● **Dataset records**
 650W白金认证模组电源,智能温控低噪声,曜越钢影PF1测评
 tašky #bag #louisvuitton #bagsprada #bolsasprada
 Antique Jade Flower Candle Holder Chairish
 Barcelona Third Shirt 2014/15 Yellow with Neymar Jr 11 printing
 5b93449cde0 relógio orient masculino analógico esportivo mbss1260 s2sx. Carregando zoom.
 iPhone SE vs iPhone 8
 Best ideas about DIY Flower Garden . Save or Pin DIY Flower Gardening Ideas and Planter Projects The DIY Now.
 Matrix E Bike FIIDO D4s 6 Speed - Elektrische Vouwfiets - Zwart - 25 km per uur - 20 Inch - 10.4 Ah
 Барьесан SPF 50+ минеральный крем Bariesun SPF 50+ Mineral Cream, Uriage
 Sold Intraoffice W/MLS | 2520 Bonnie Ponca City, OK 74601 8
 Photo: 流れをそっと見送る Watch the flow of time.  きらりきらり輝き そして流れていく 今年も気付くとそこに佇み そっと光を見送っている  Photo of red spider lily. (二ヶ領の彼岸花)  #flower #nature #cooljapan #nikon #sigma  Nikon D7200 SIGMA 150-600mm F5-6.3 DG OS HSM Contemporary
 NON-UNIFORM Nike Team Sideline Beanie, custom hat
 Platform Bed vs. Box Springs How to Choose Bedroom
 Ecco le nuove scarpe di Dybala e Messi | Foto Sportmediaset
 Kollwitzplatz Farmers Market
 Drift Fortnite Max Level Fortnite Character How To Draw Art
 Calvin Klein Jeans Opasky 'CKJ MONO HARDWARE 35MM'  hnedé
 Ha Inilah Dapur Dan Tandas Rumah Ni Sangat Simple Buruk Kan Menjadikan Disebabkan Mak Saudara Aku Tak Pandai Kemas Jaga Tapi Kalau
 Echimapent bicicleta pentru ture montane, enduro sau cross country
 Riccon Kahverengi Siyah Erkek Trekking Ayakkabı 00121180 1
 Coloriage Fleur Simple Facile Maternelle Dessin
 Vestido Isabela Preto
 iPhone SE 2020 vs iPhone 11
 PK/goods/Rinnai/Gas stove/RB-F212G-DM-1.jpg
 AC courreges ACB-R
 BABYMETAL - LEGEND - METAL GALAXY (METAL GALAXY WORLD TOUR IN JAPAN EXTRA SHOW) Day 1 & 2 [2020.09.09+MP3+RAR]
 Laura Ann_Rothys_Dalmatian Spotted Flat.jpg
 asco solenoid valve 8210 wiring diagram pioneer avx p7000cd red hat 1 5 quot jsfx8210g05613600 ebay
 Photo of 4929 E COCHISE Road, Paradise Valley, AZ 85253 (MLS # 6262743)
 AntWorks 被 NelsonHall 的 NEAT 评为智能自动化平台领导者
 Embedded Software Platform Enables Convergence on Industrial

● **Exercise directions**
The material above must be written out again in full, exactly.

● **Finished task**
 650W白金认证模组电源,智能温控低噪声,曜越钢影PF1测评
 tašky #bag #louisvuitton #bagsprada #bolsasprada
 Antique Jade Flower Candle Holder Chairish
 Barcelona Third Shirt 2014/15 Yellow with Neymar Jr 11 printing
 5b93449cde0 relógio orient masculino analógico esportivo mbss1260 s2sx. Carregando zoom.
 iPhone SE vs iPhone 8
 Best ideas about DIY Flower Garden . Save or Pin DIY Flower Gardening Ideas and Planter Projects The DIY Now.
 Matrix E Bike FIIDO D4s 6 Speed - Elektrische Vouwfiets - Zwart - 25 km per uur - 20 Inch - 10.4 Ah
 Барьесан SPF 50+ минеральный крем Bariesun SPF 50+ Mineral Cream, Uriage
 Sold Intraoffice W/MLS | 2520 Bonnie Ponca City, OK 74601 8
 Photo: 流れをそっと見送る Watch the flow of time.  きらりきらり輝き そして流れていく 今年も気付くとそこに佇み そっと光を見送っている  Photo of red spider lily. (二ヶ領の彼岸花)  #flower #nature #cooljapan #nikon #sigma  Nikon D7200 SIGMA 150-600mm F5-6.3 DG OS HSM Contemporary
 NON-UNIFORM Nike Team Sideline Beanie, custom hat
 Platform Bed vs. Box Springs How to Choose Bedroom
 Ecco le nuove scarpe di Dybala e Messi | Foto Sportmediaset
 Kollwitzplatz Farmers Market
 Drift Fortnite Max Level Fortnite Character How To Draw Art
 Calvin Klein Jeans Opasky 'CKJ MONO HARDWARE 35MM'  hnedé
 Ha Inilah Dapur Dan Tandas Rumah Ni Sangat Simple Buruk Kan Menjadikan Disebabkan Mak Saudara Aku Tak Pandai Kemas Jaga Tapi Kalau
 Echimapent bicicleta pentru ture montane, enduro sau cross country
 Riccon Kahverengi Siyah Erkek Trekking Ayakkabı 00121180 1
 Coloriage Fleur Simple Facile Maternelle Dessin
 Vestido Isabela Preto
 iPhone SE 2020 vs iPhone 11
 PK/goods/Rinnai/Gas stove/RB-F212G-DM-1.jpg
 AC courreges ACB-R
 BABYMETAL - LEGEND - METAL GALAXY (METAL GALAXY WORLD TOUR IN JAPAN EXTRA SHOW) Day 1 & 2 [2020.09.09+MP3+RAR]
 Laura Ann_Rothys_Dalmatian Spotted Flat.jpg
 asco solenoid valve 8210 wiring diagram pioneer avx p7000cd red hat 1 5 quot jsfx8210g05613600 ebay
 Photo of 4929 E COCHISE Road, Paradise Valley, AZ 85253 (MLS # 6262743)
 AntWorks 被 NelsonHall 的 NEAT 评为智能自动化平台领导者
 Embedded Software Platform Enables Convergence on Industrial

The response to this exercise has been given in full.